TASK INSTRUCTIONS —
All of the data that follows should be given again exactly, without its images.

RAW DATA —
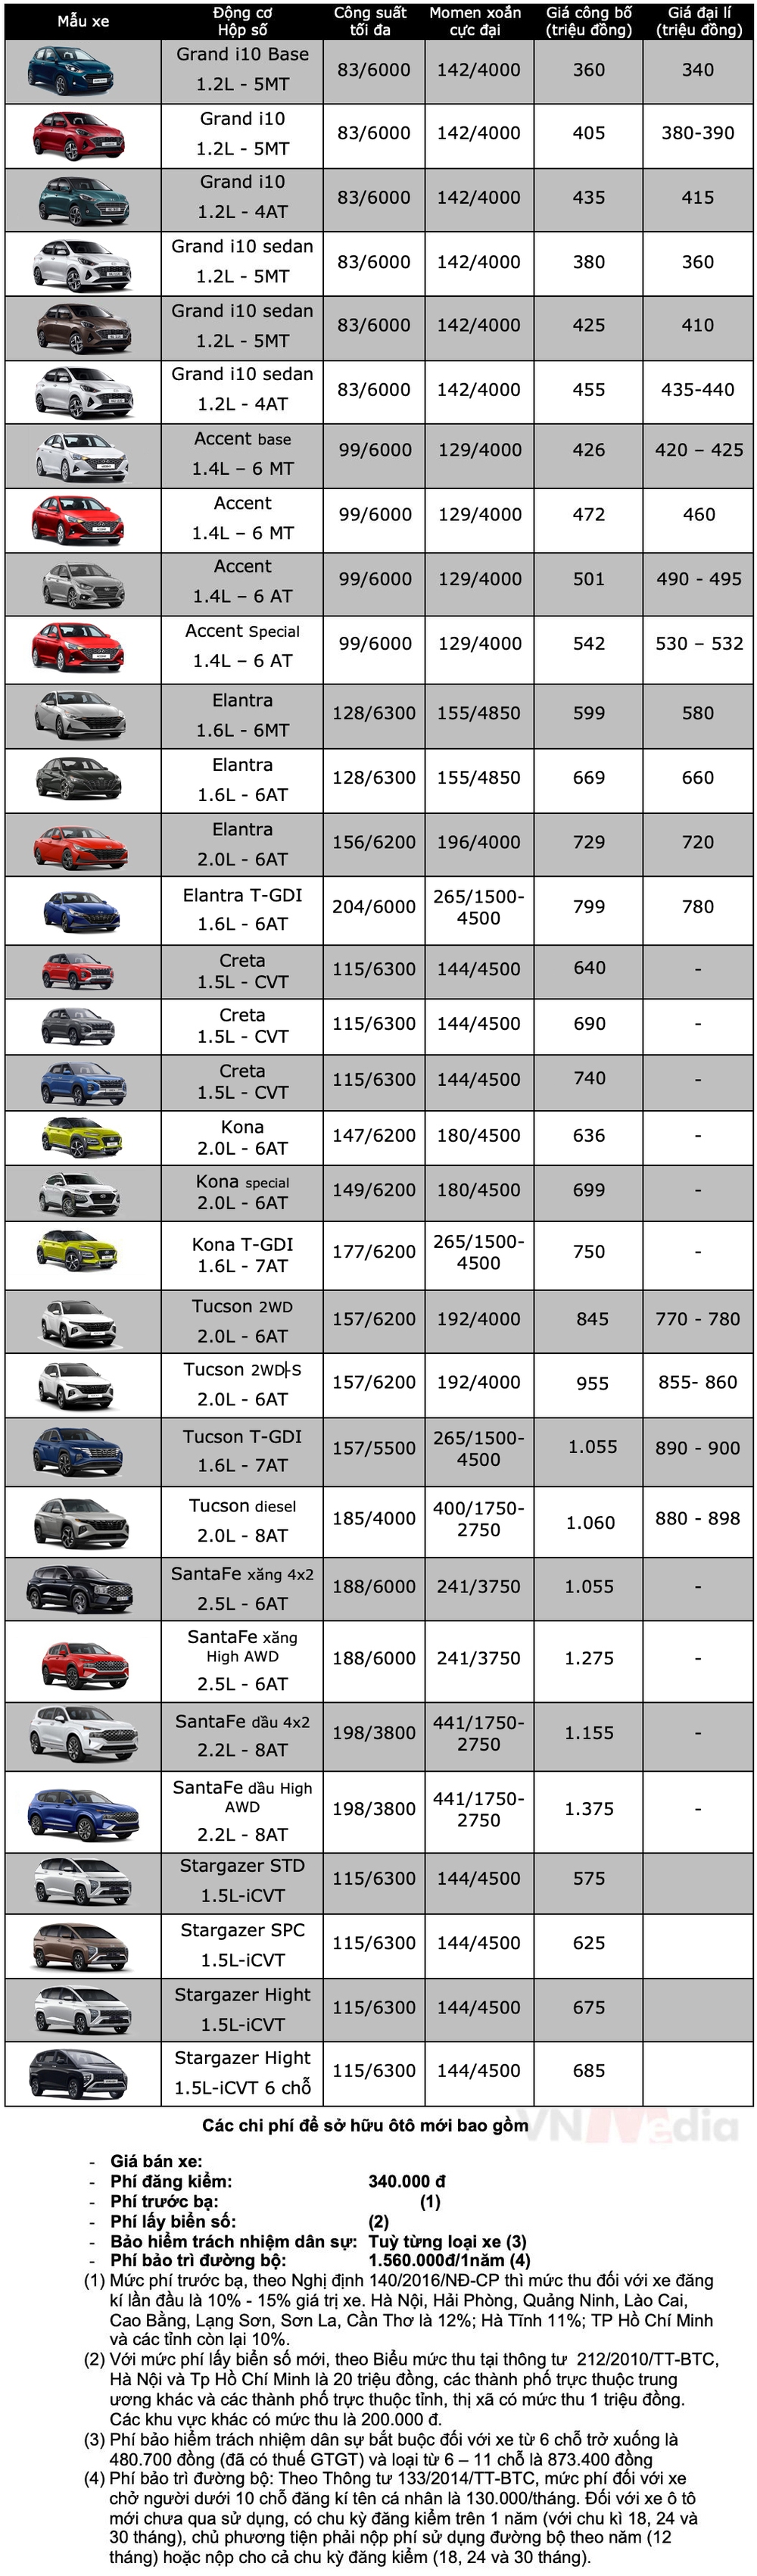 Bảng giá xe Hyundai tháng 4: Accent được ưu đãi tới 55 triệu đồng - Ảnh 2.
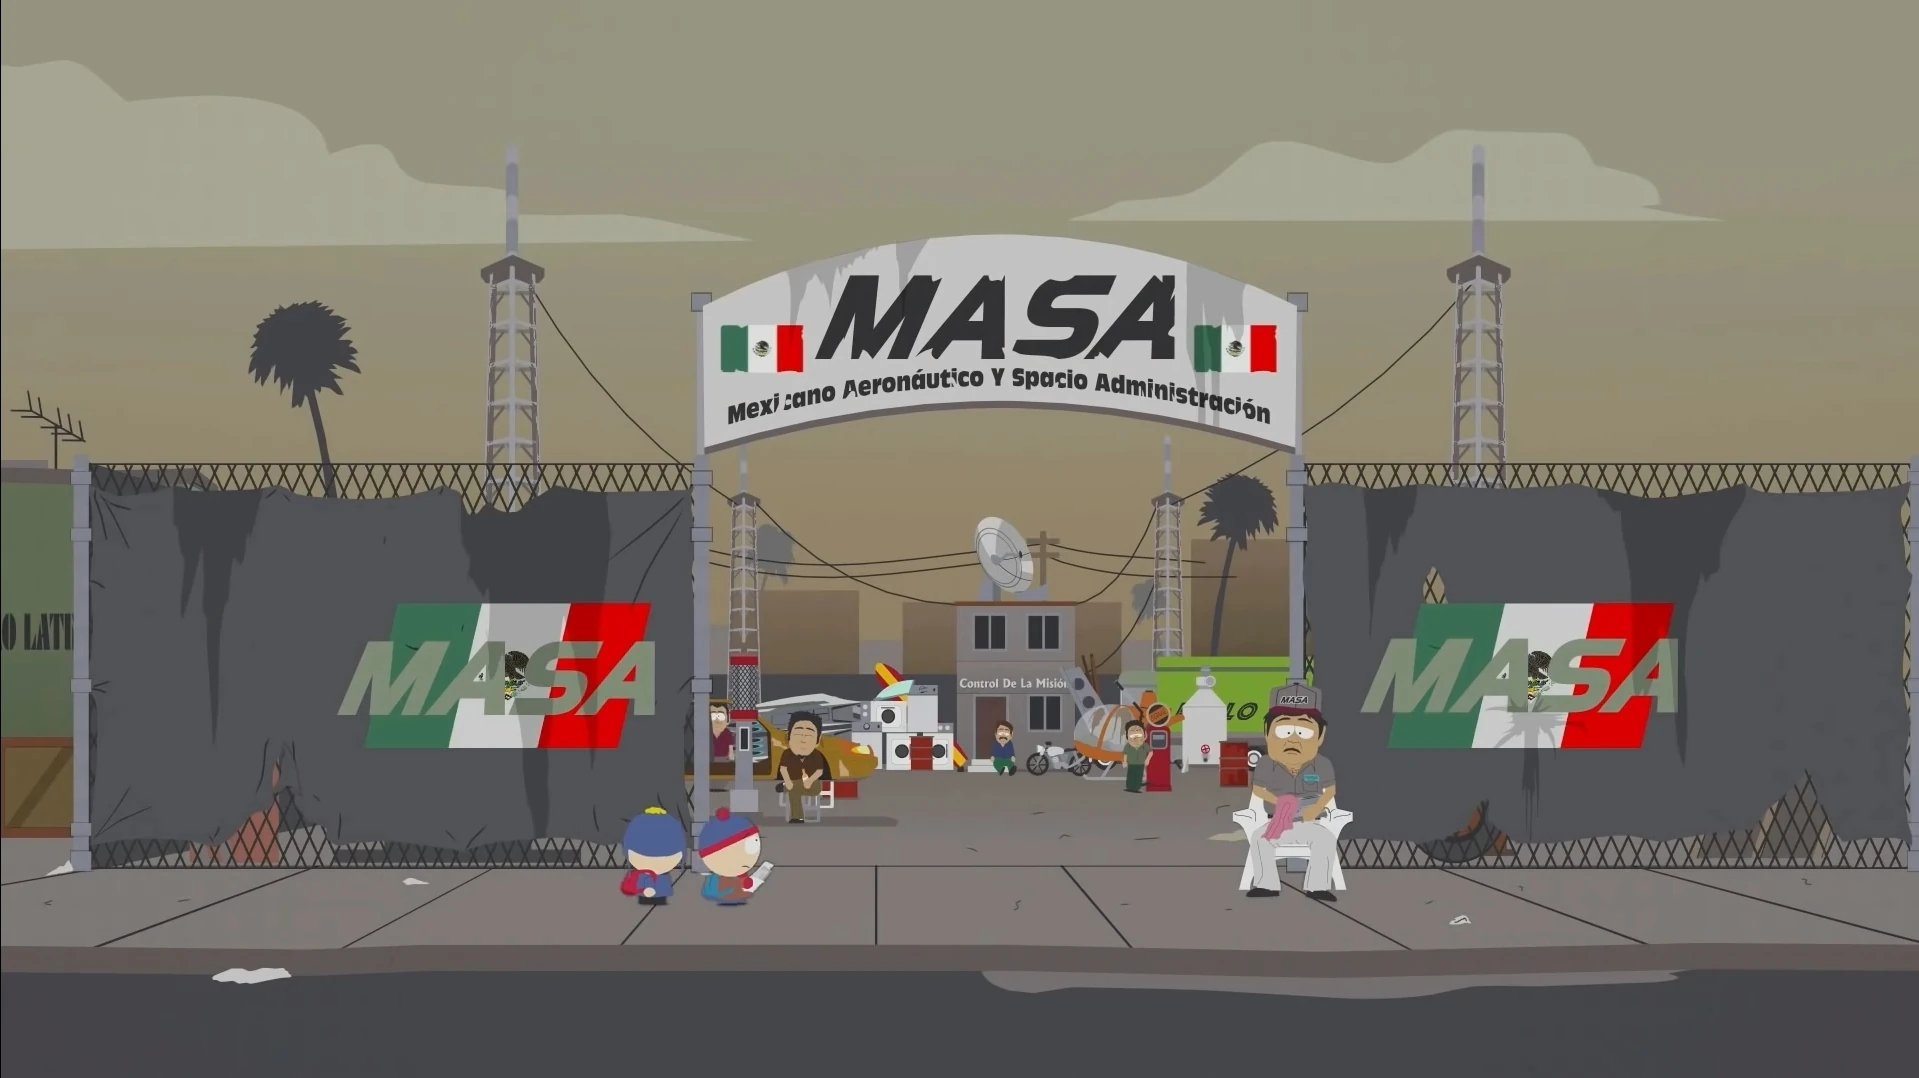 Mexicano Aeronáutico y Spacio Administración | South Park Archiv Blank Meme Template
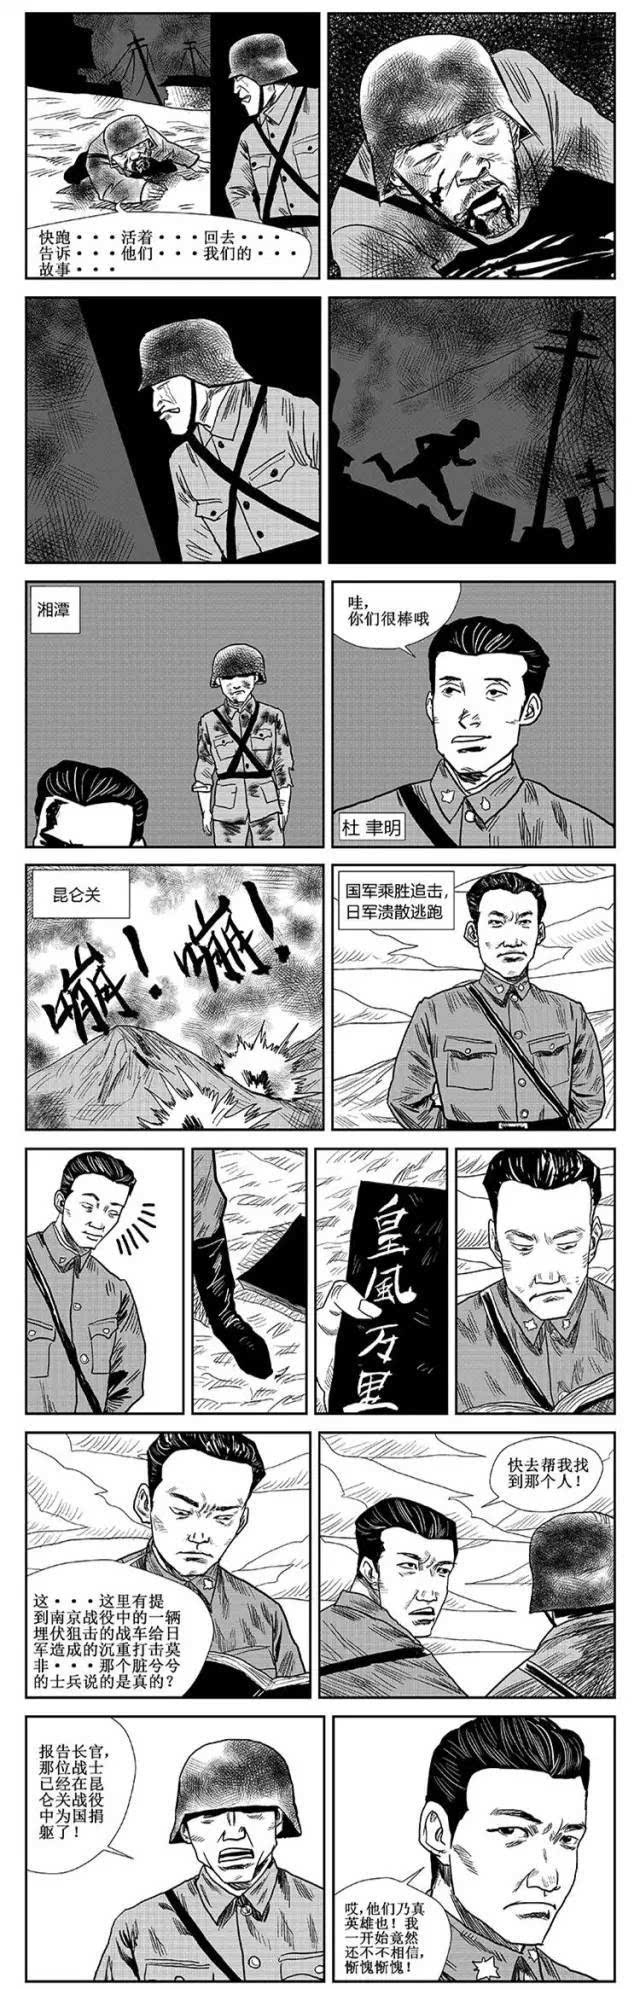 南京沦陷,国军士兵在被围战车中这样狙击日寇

ANSWER TO THE EXERCISE —
 Bảng giá xe Hyundai tháng 4: Accent được ưu đãi tới 55 triệu đồng - Ảnh 2.
 Mexicano Aeronáutico y Spacio Administración | South Park Archiv Blank Meme Template
 南京沦陷,国军士兵在被围战车中这样狙击日寇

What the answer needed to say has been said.